I ask if he has ever thought about leaving the country to escape the violence. "Ten thousand times," he replies. "I couldn't even call my mother to tell her what happened [to me] because she is getting old. The way things are here, it's better to leave if you can."
That's a refrain we hear again and again, but for most Haitians, there's nowhere to go.
The wards of the MSF hospital are full of gunshot victims, many hit by stray bullets. Claudette, who has a freshly bandaged stump in place of her left leg, tells me that she can never marry now that she is disabled. Lying nearby is 15-year-old Lelianne, who is doing a crossword puzzle to pass the time. She was shot in the stomach.
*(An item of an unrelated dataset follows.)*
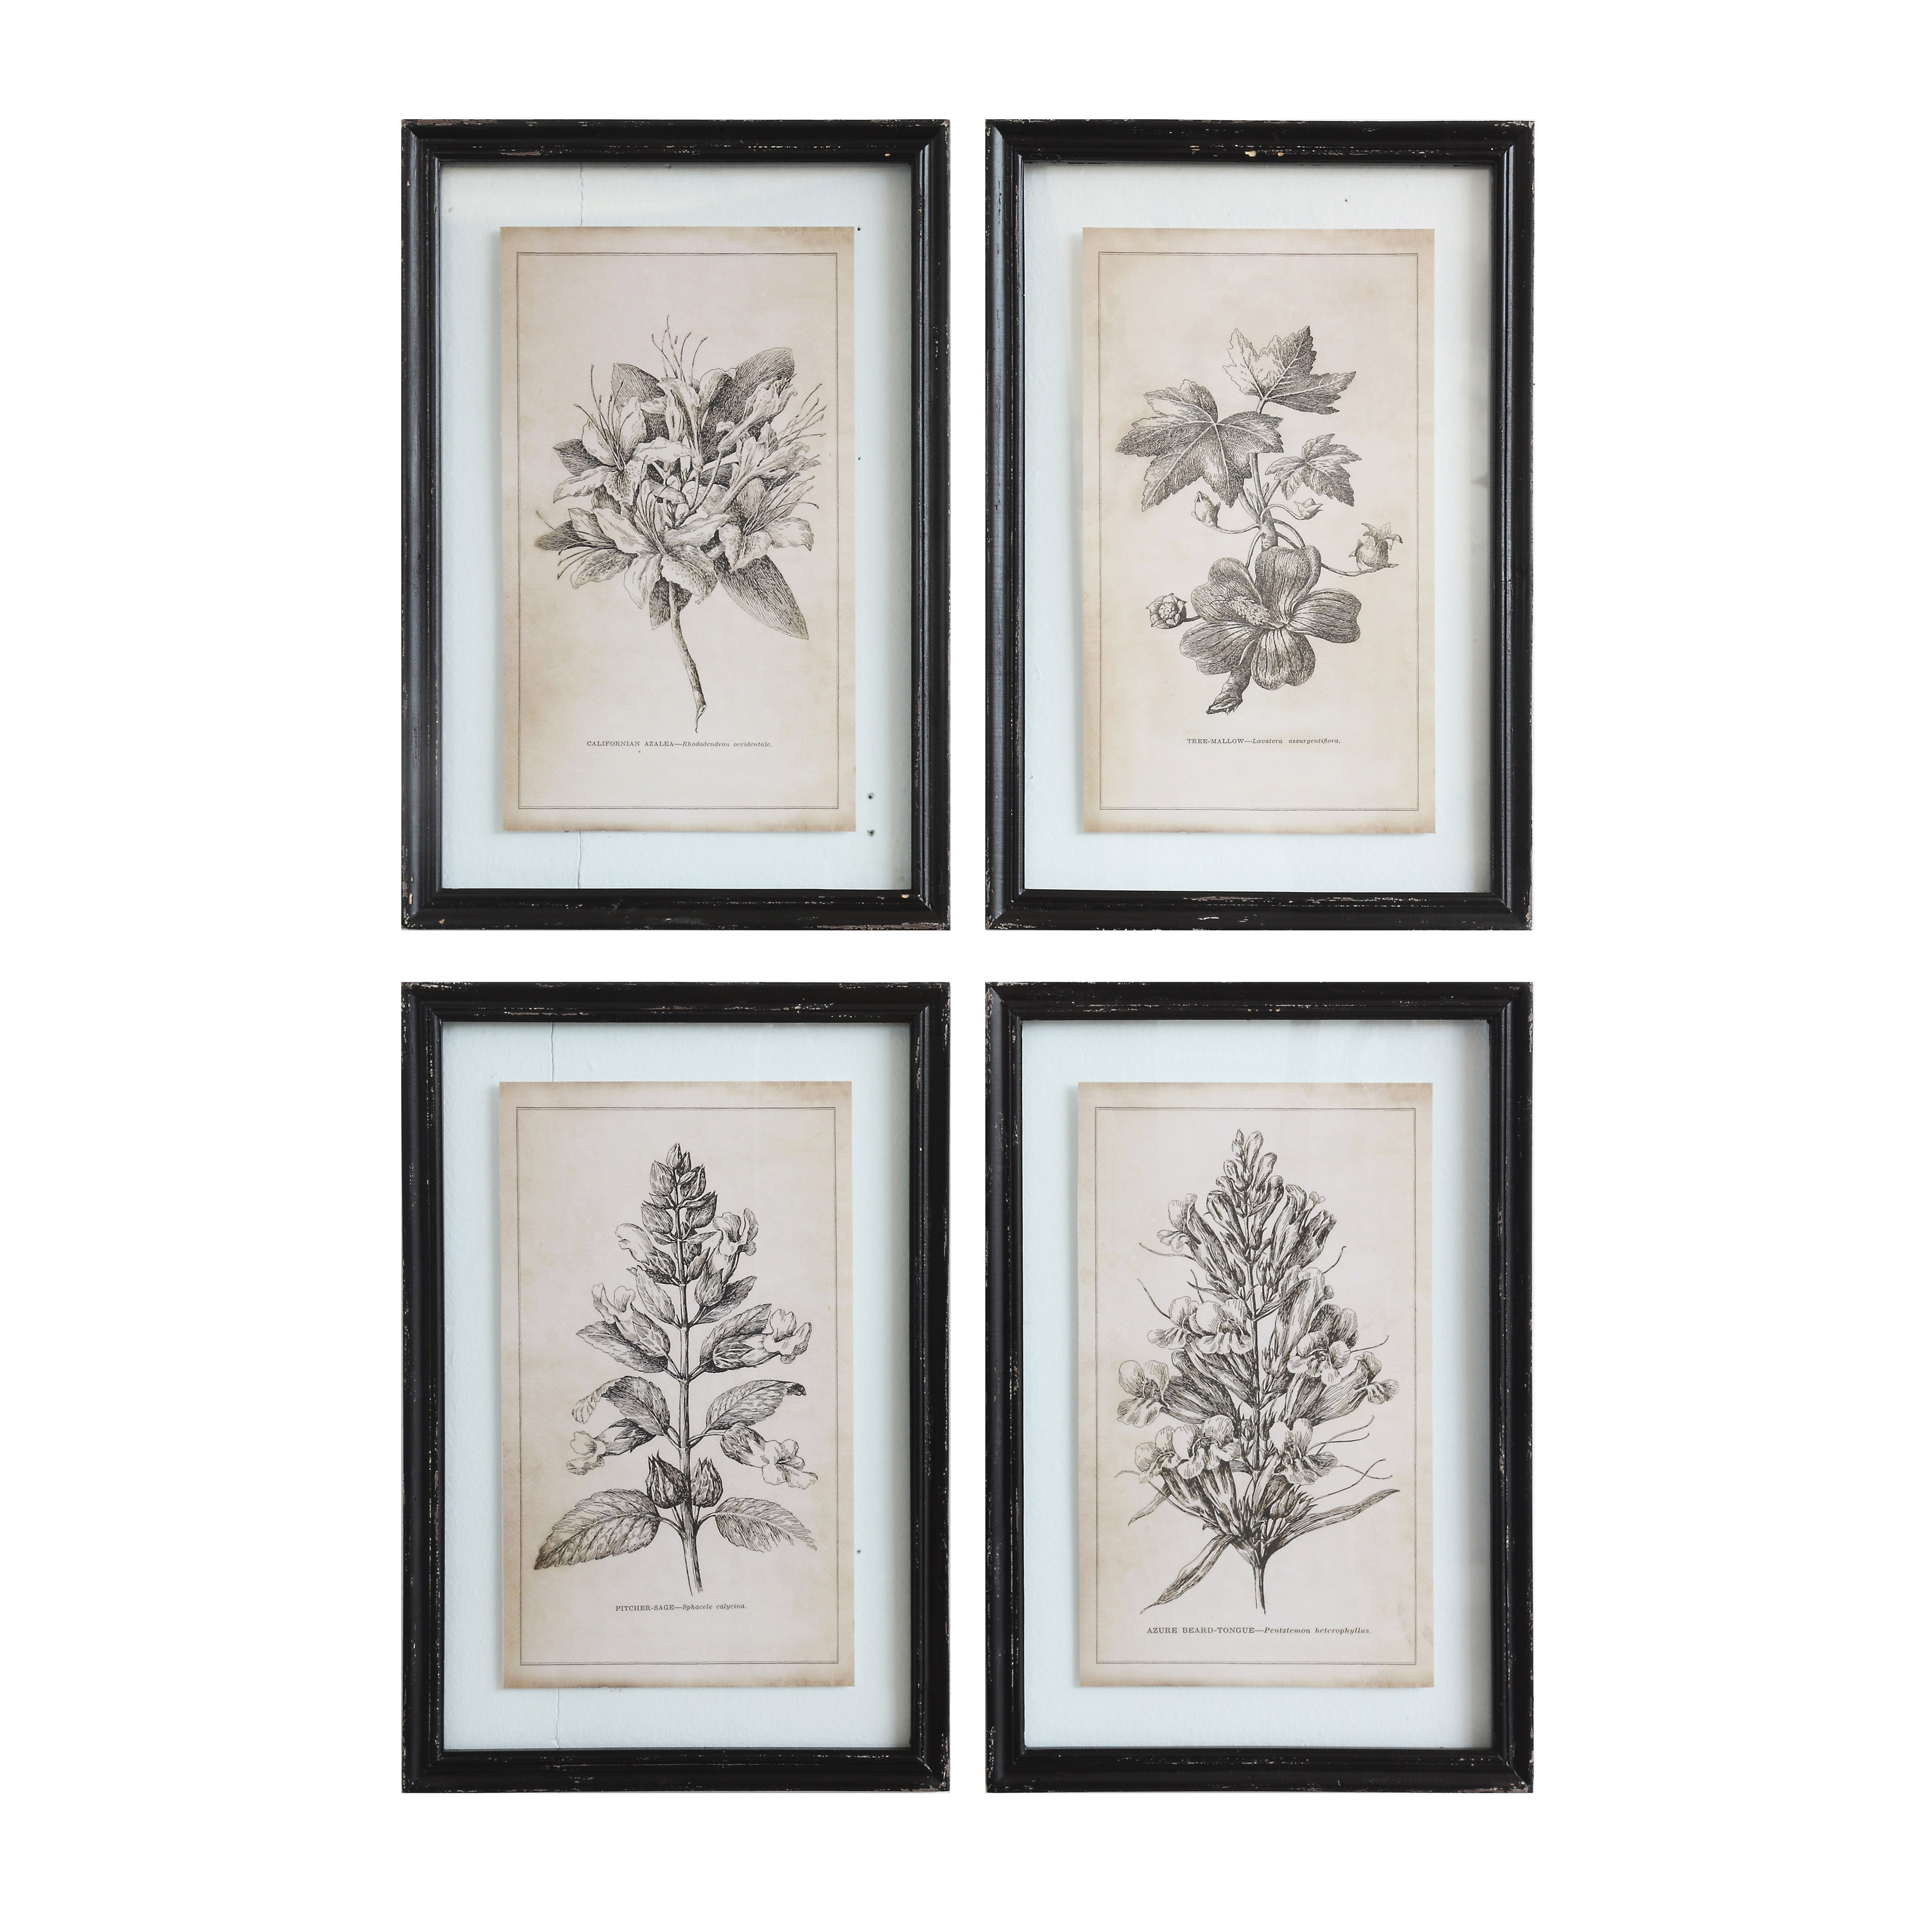 Wood Framed Wall Décor with Floral Images (Set of 4 Designs) - Nomad Home

"My mom and I went out to get something to eat," she says. "While we were ordering I felt something. That's when I fell and screamed in agony. I didn't expect to survive. I usually hear gunshots further away from my house. On that day they drove closer."
Even Haiti's last serving president wasn't safe in his own home. Jovenel Moise was killed by gunmen in July of 2021. Police blamed Colombian mercenaries, about 20 of whom were arrested. But more than a year later, no-one has been tried here for pulling the trigger or ordering the assassination. Human rights campaigners say four judges have come and gone from the case. It's now in the hands of a fifth.
The killing of the president created a power vacuum which gangs have been competing to fill - with help from their friends.
Experts say that armed groups have ties to corrupt political figures - in power and in the opposition. They supply the gangs with weapons, or finance, or political protection. In return the gangs do their dirty work, generating fear, support, or instability, as required.